* **Try it**:
Nothing outside the range below should be printed. Output exactly the lines from the line with "Изображение уголовного кодекса" to the line with "قیمت پیشنهادی فروش", both included.

* **Task inputs**:
####################

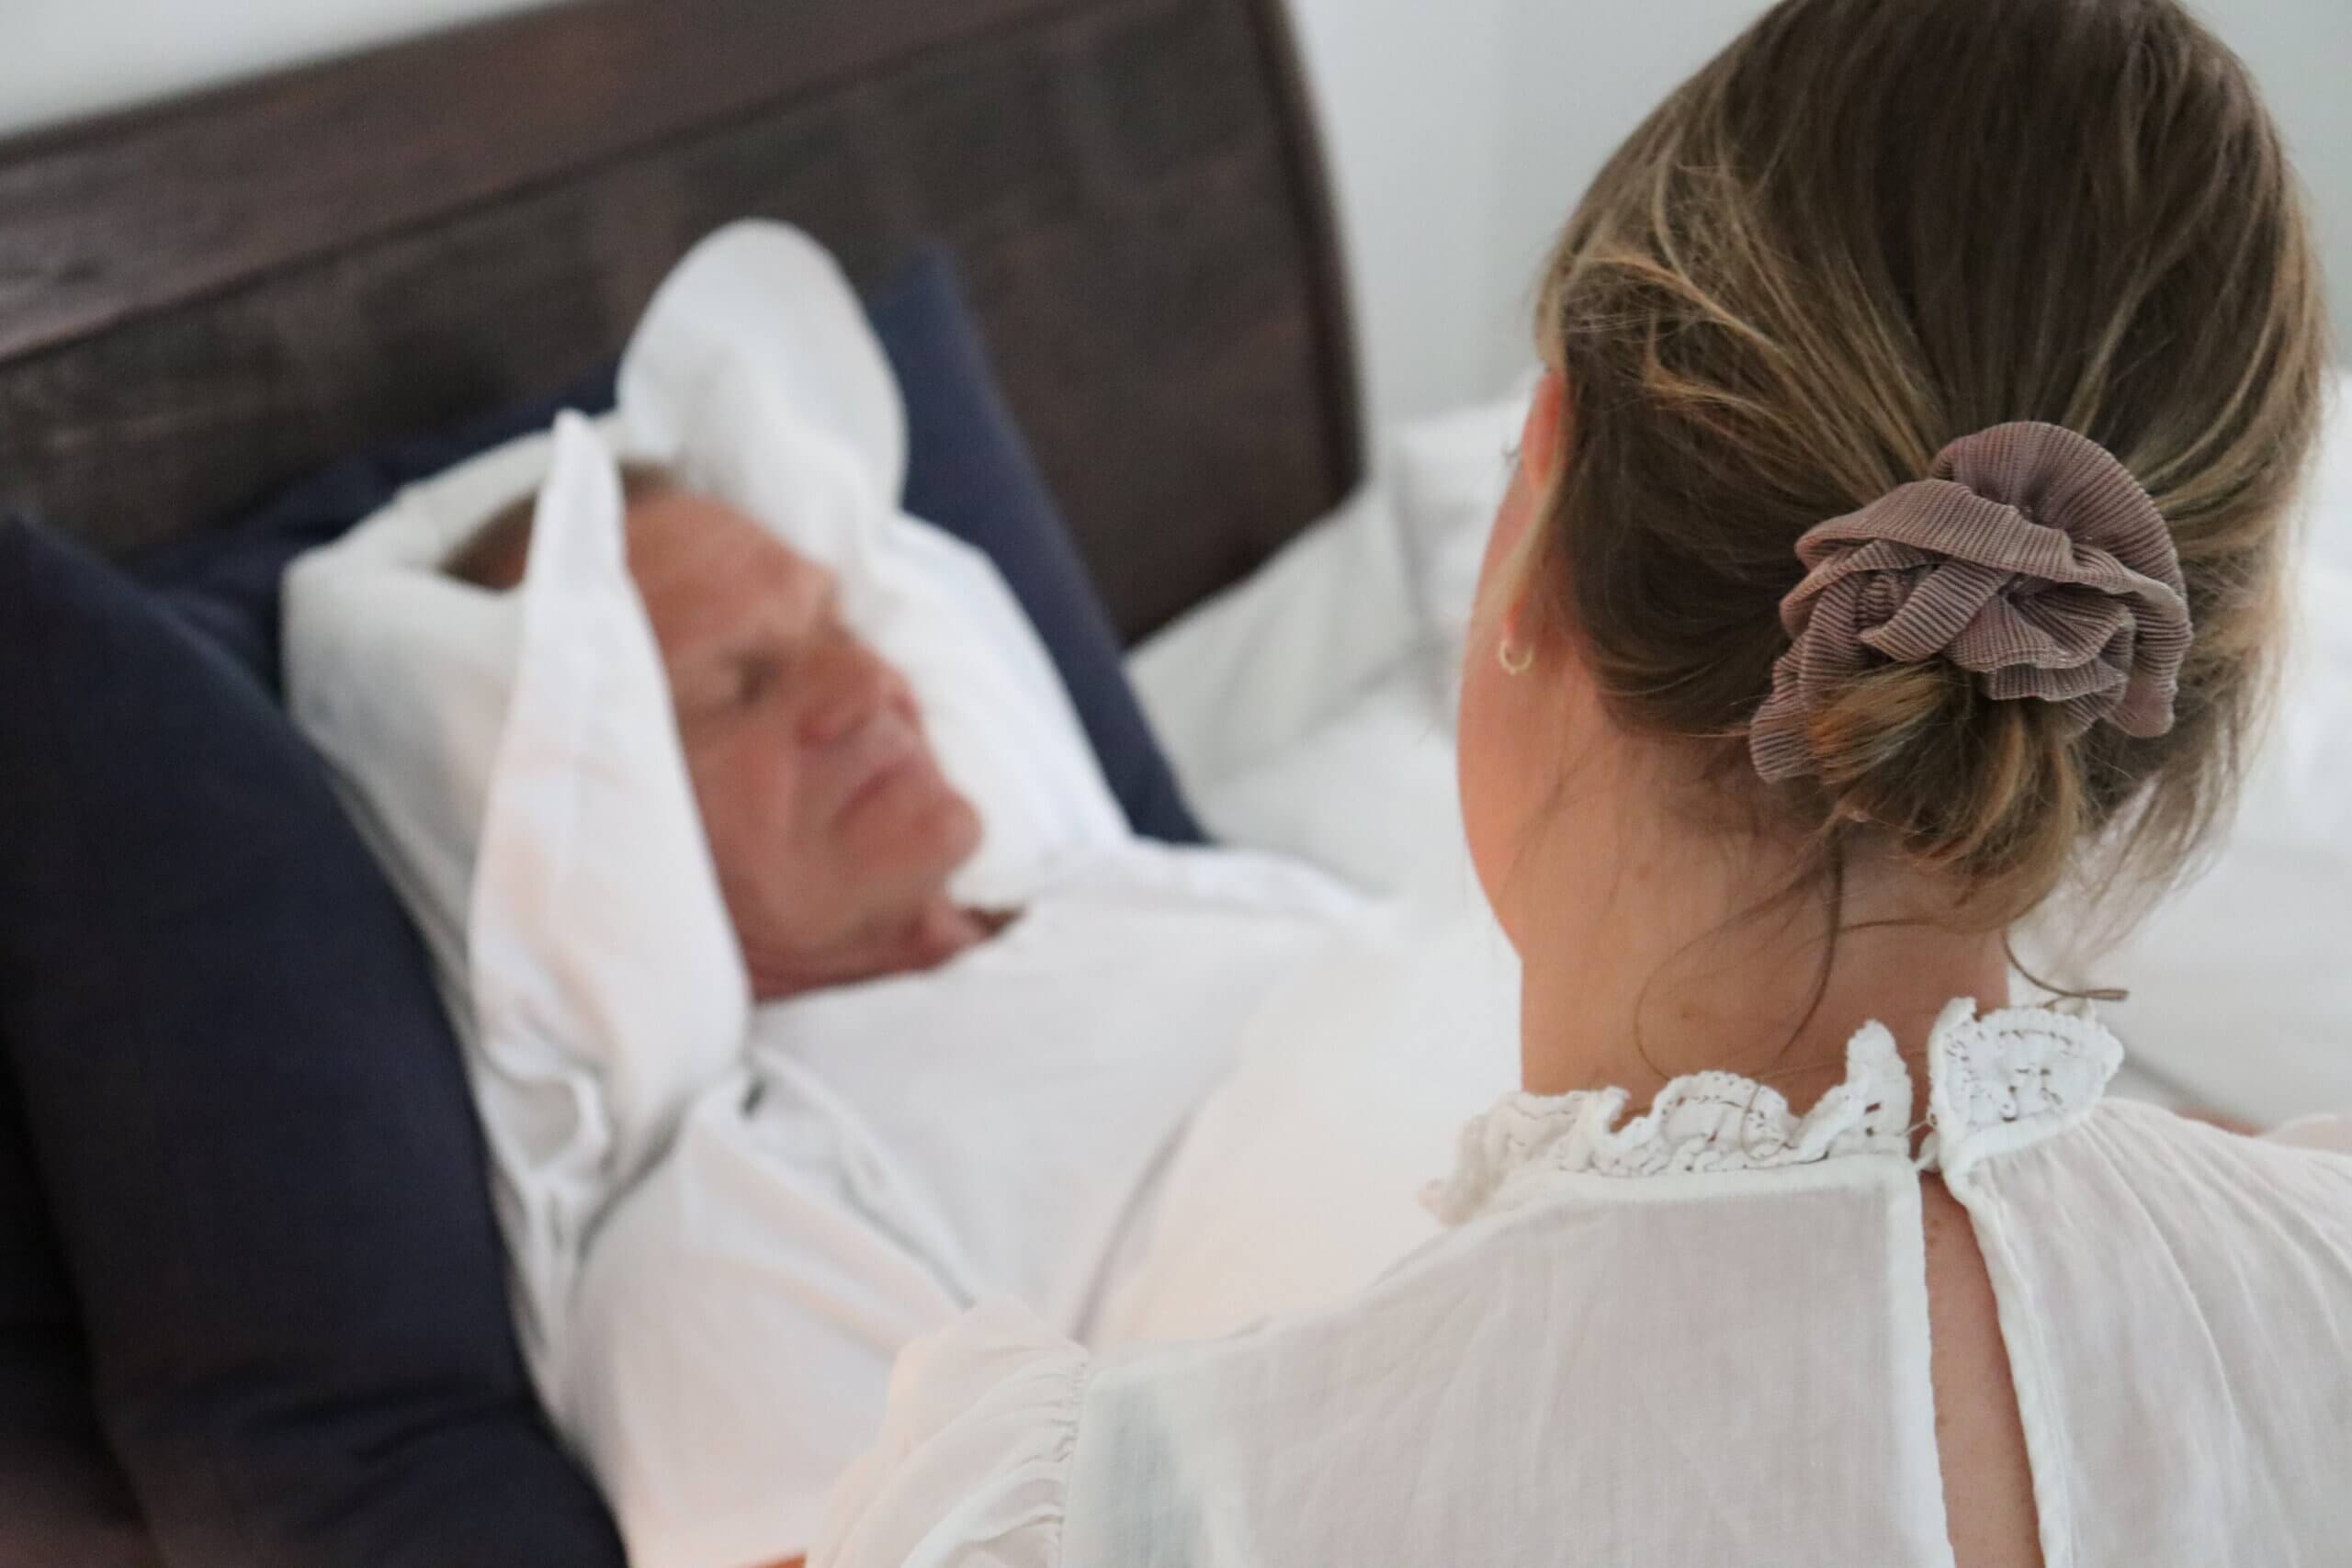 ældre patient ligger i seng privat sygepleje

####################

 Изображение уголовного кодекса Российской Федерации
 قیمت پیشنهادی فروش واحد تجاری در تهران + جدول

####################

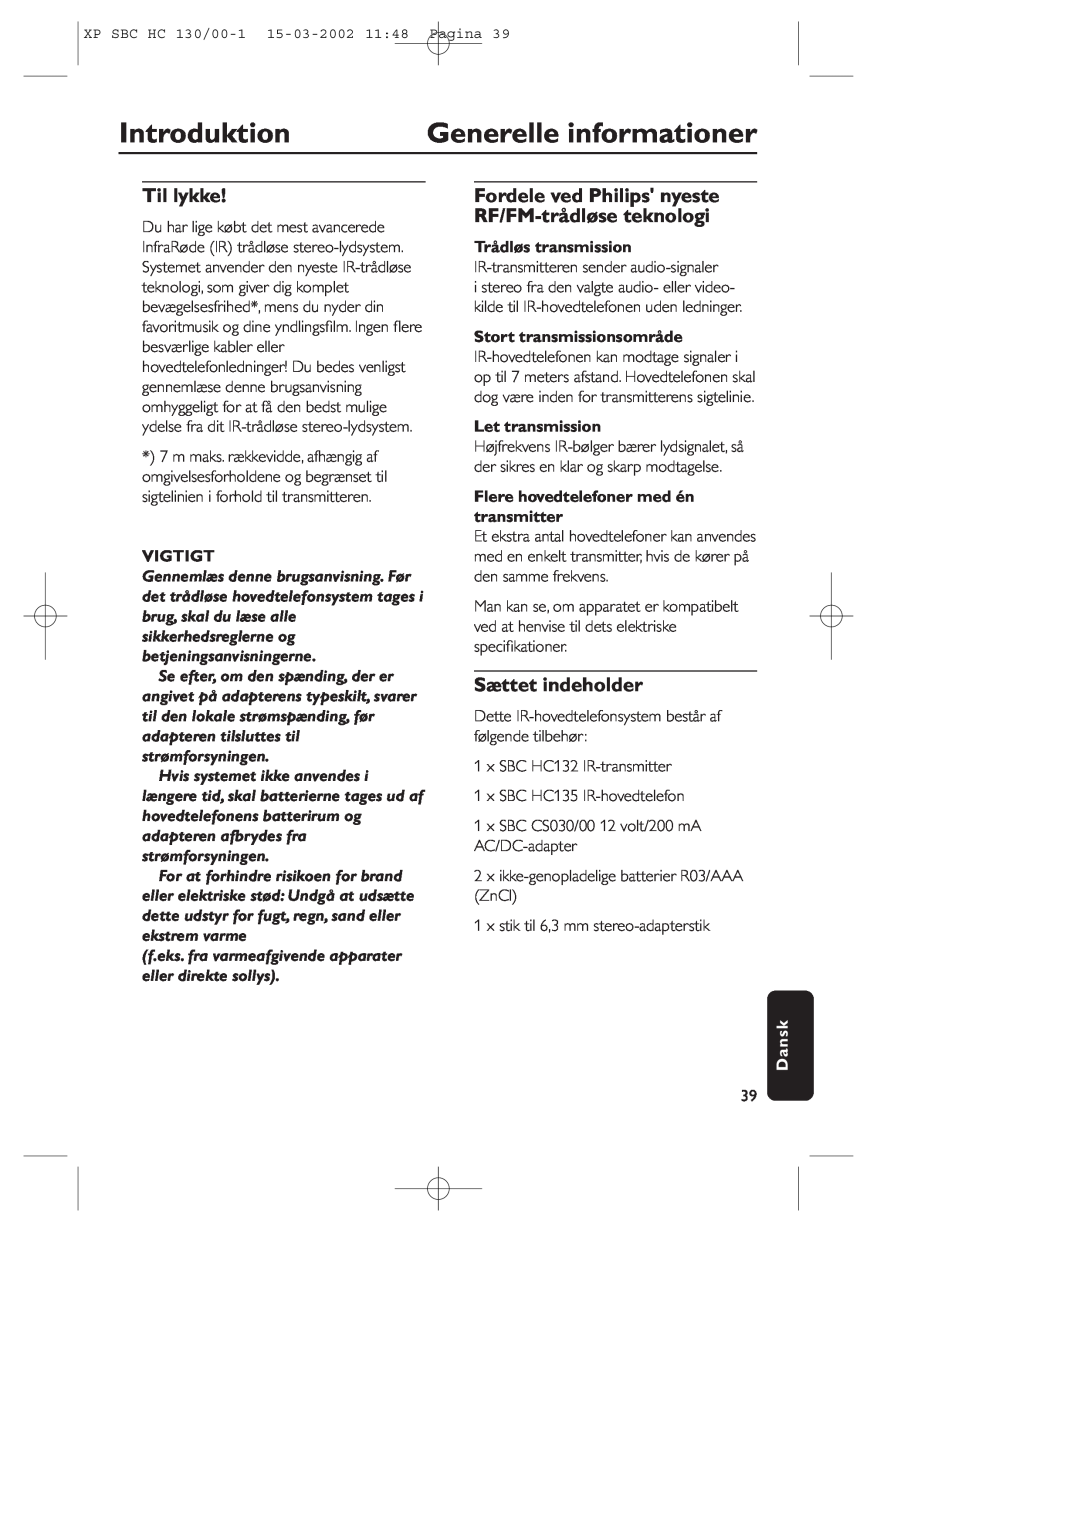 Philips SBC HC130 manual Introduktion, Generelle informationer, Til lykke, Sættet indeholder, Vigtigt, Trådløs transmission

####################

* **Reply to the exercise**:
 Изображение уголовного кодекса Российской Федерации
 قیمت پیشنهادی فروش واحد تجاری در تهران + جدول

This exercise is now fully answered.